# Project 1 Report - Nick Vega

The project report should include a brief justification of your solution at a high-level, e.g., using any relevant explanations, equations, or pictures that help to explain your solution. You should also describe what your code does, e.g. using a couple of sentences per function to describe your code structure. 

## Task 1A : Linear Regression

In this task, my group implemented linear regression with gradient descent optimization from scratch. 

The dataset used was a synthetic dataset that was provided. 

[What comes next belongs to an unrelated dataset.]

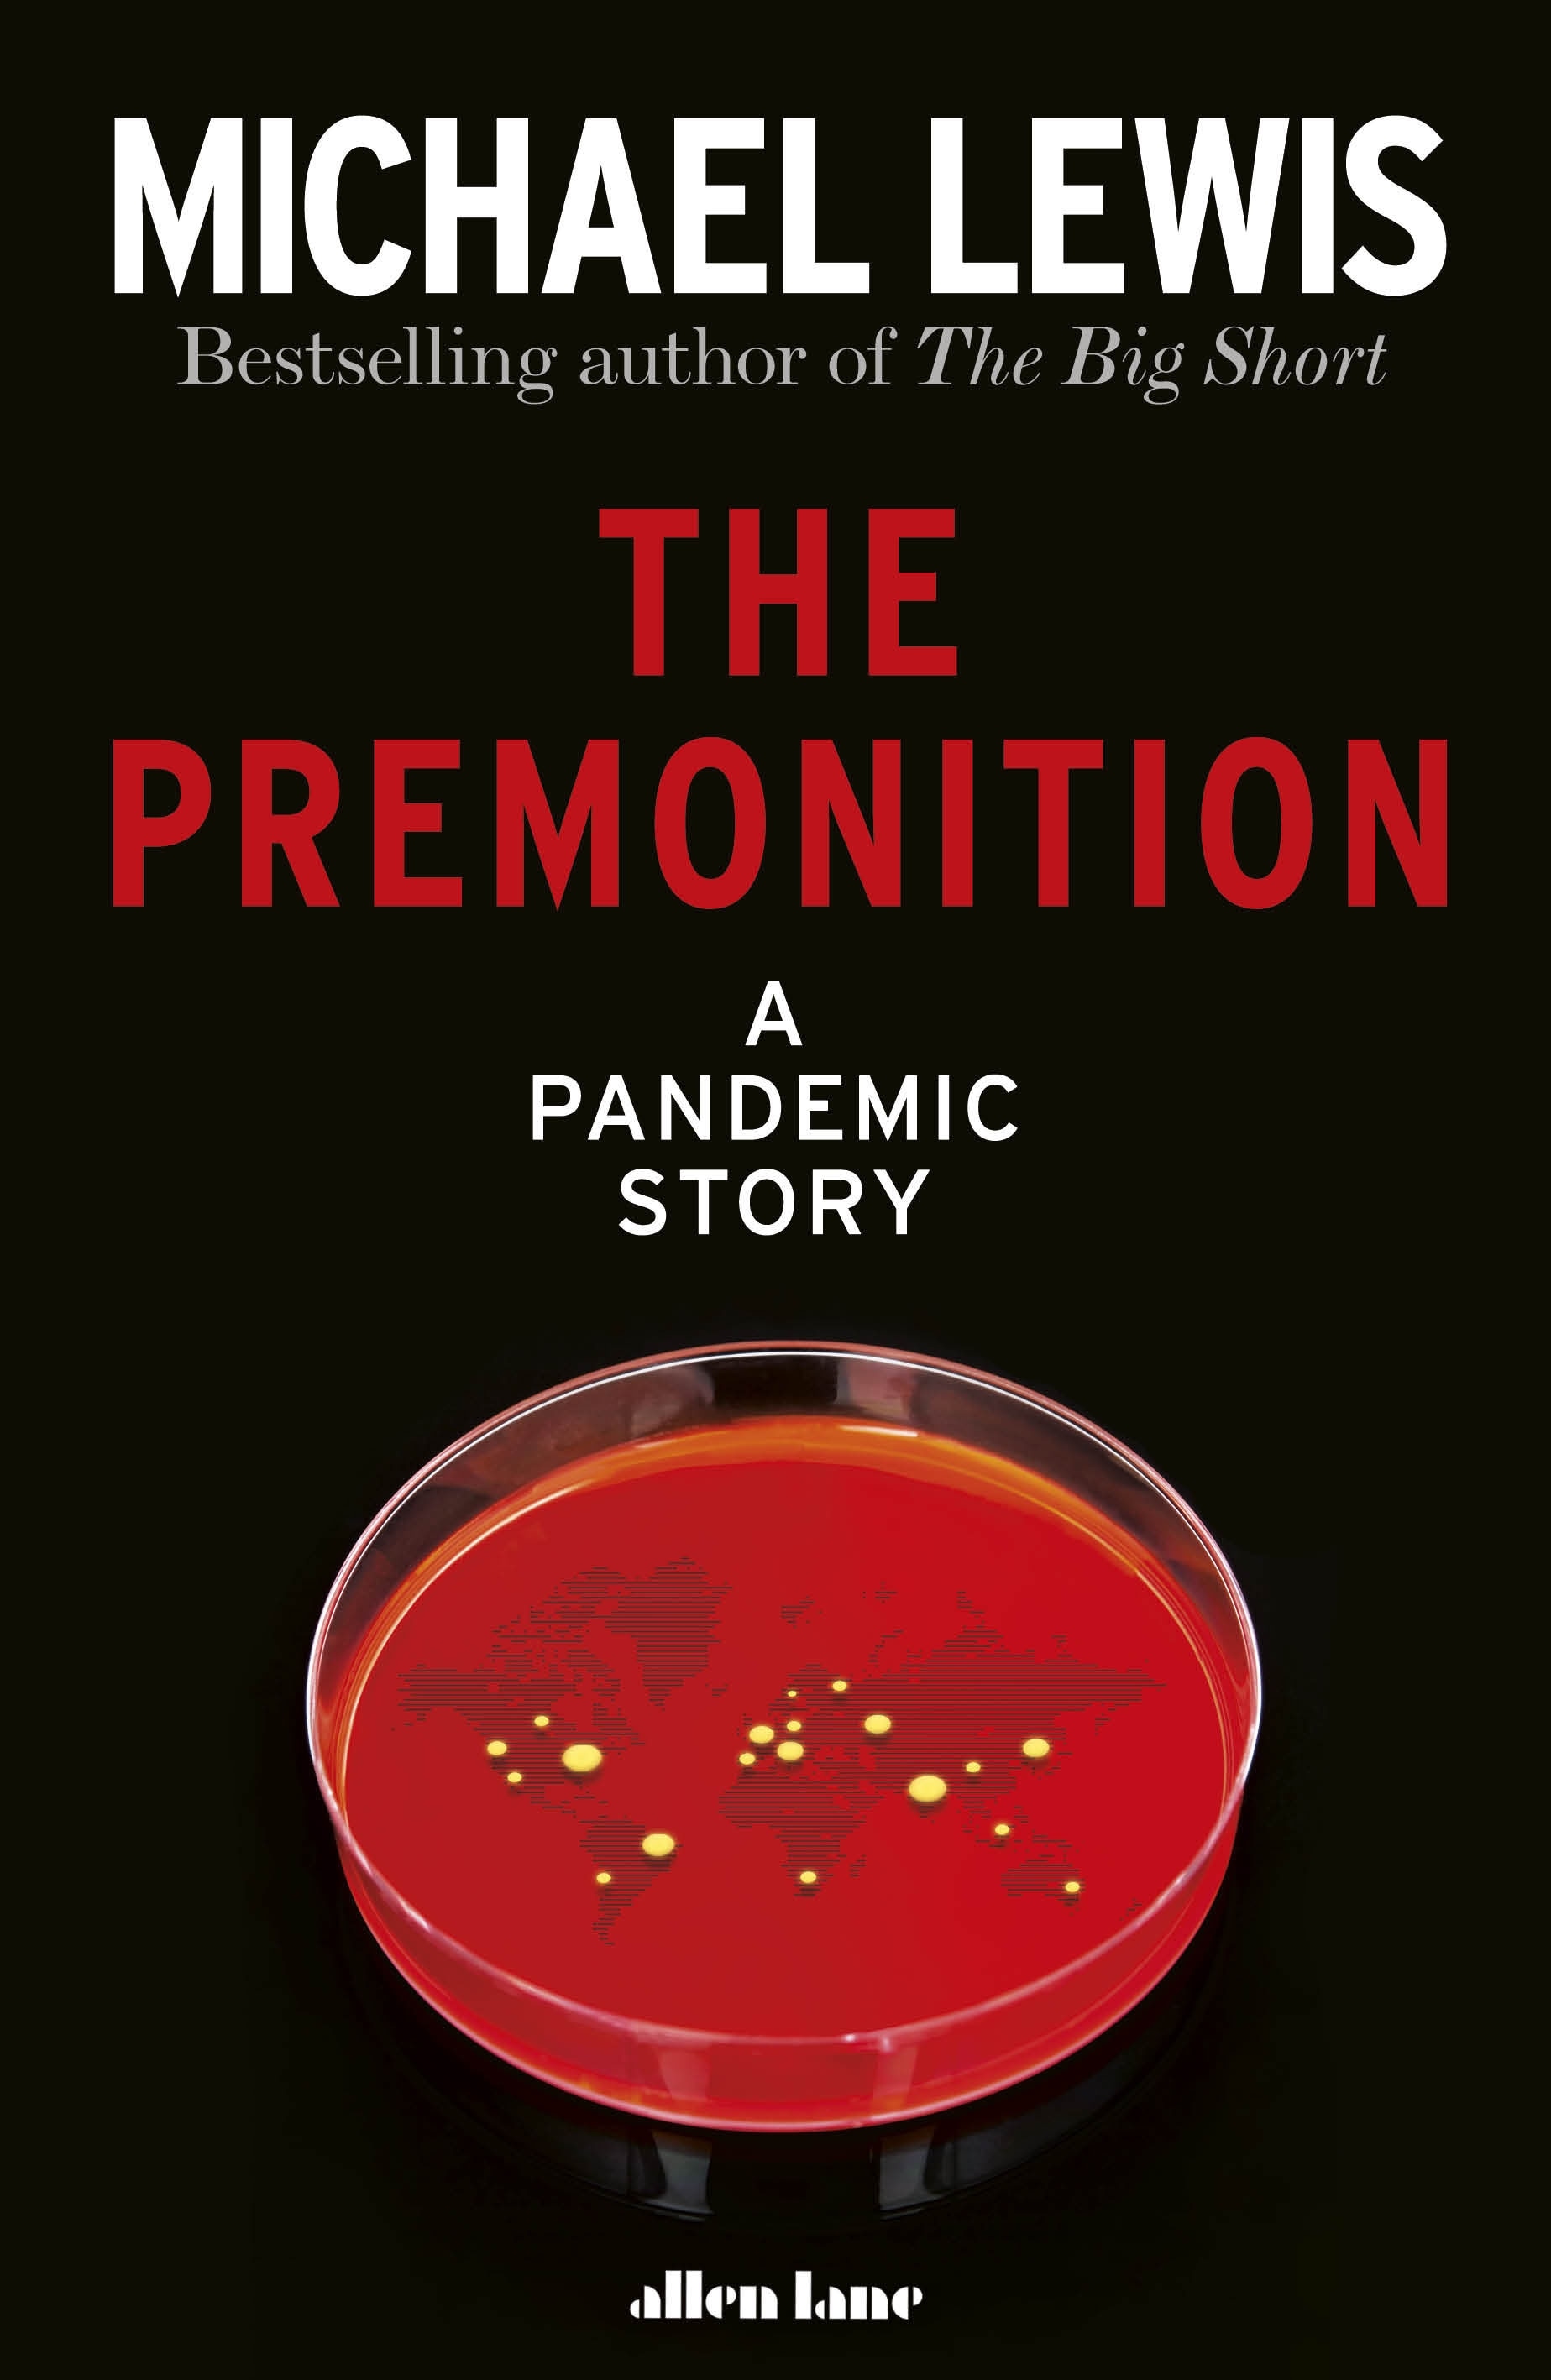 Book “The Premonition” by Michael Lewis — May 4, 2021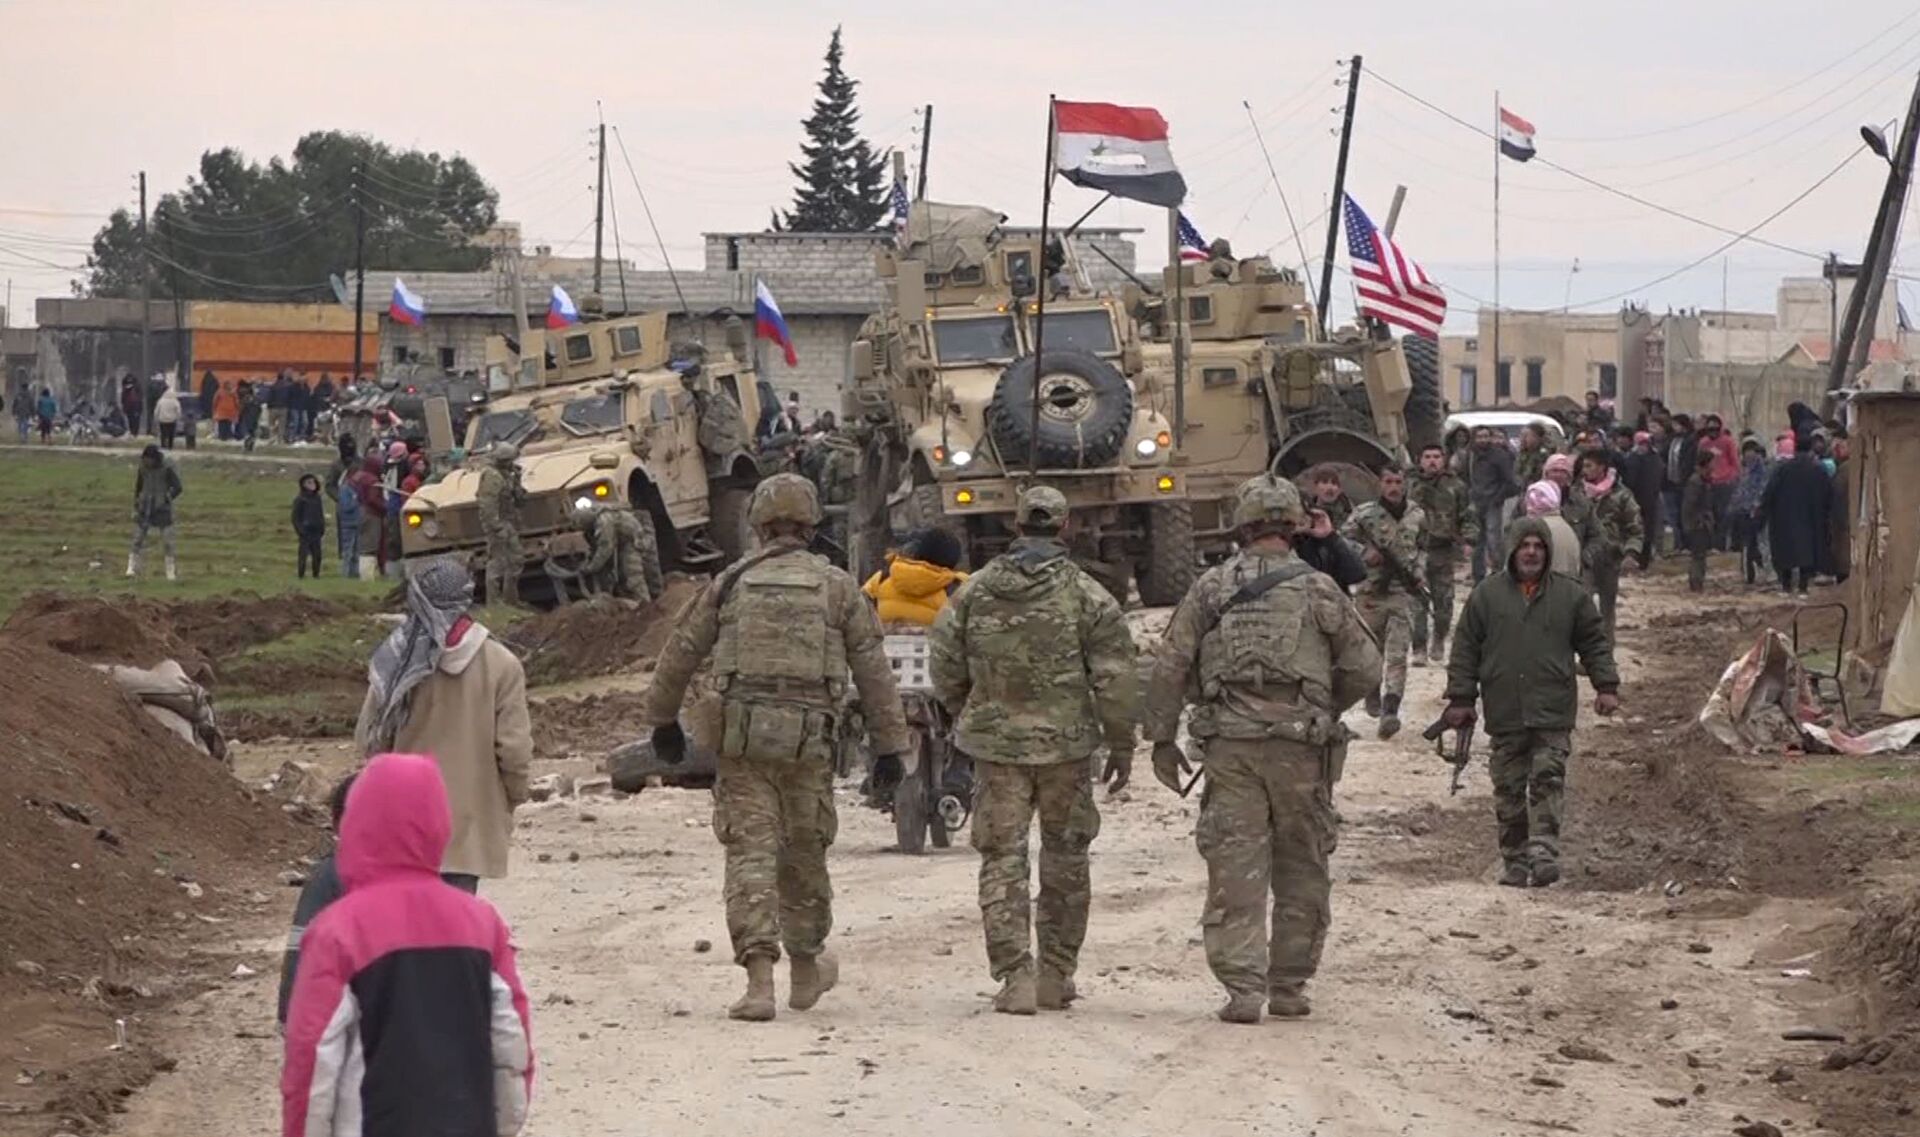 In this frame grab from video, Russian, Syrian and others gather next to an American military convoy stuck in the village of Khirbet Ammu, east of Qamishli city, Syria, Wednesday, Feb. 12, 2020. The Syrian official news agency SANA, said Wednesday, that locals had gathered at an army checkpoint, pelting the U.S. convoy with stones and taking down a U.S. flag flying on a vehicle when troops fired with live ammunition and smoke bombs. (AP Photo) - Sputnik International, 1920, 07.09.2021

In this task, my group learned how to
- implement linear regression from scratch (no ML libraries)
- implement loss functions and their gradient
- implement and understand gradient descent optimization
- implement visualizations and analyze model performance

Before we implemented linear regression with gradient descent optimization from scratch, we were provided with a given problem setup that included 
- necessary dependencies
- utility functions (data generation and visualization)

Below is the following generated data that is provided and used in this task.

![Generated Data](/workspaces/regression-and-model-selection/images/generated_data.png)

### Task 1A.1: Modeling

**TASK** 

In linear regression, we must find coefficents $\hat{\mathbf{w}}$ such that the residual between $\hat{y} = \hat{\mathbf{w}}^\top \tilde{\mathbf{x}}$, and $y$ is minimized.

To find the optimal coefficents $\hat{\mathbf{w}}$ that minimizes the residuals, we will need to implement gradient descent optimization. However, before we implemnet gradient descent optimization, we must first implement a loss function that can calculate the gradient of the empirical risk function with respect to w and the regularized loss of the empirical risk during each iteration of gradient descent.

In order to do this, we start with a ridge regression risk function, defined as 

$$ R({\mathbf{w}}) = \mathbb{E}[(y-{\mathbf{w}}^\top \mathbf{x})^2)] +  \lambda \mathbf{w}^\top \mathbf{w}$$

The ridge regression risk function will need to be approximated by the empirical risk. The result is:

$$\hat{R}_{\text{ridge}}(\mathbf{w}) = \frac{1}{n} \sum_{i=1}^n \left(y_i - \mathbf{w}^\top \mathbf{x}_i\right)^2 + \lambda \mathbf{w}^\top \mathbf{w}$$

In this task, we were instructued to construct a customized function that would return the empirical risk and its gradient at parameter w.

**SOLUTION**

We are tasked with constructed a customized function that will return the empirical risk and its gradient at parameter w.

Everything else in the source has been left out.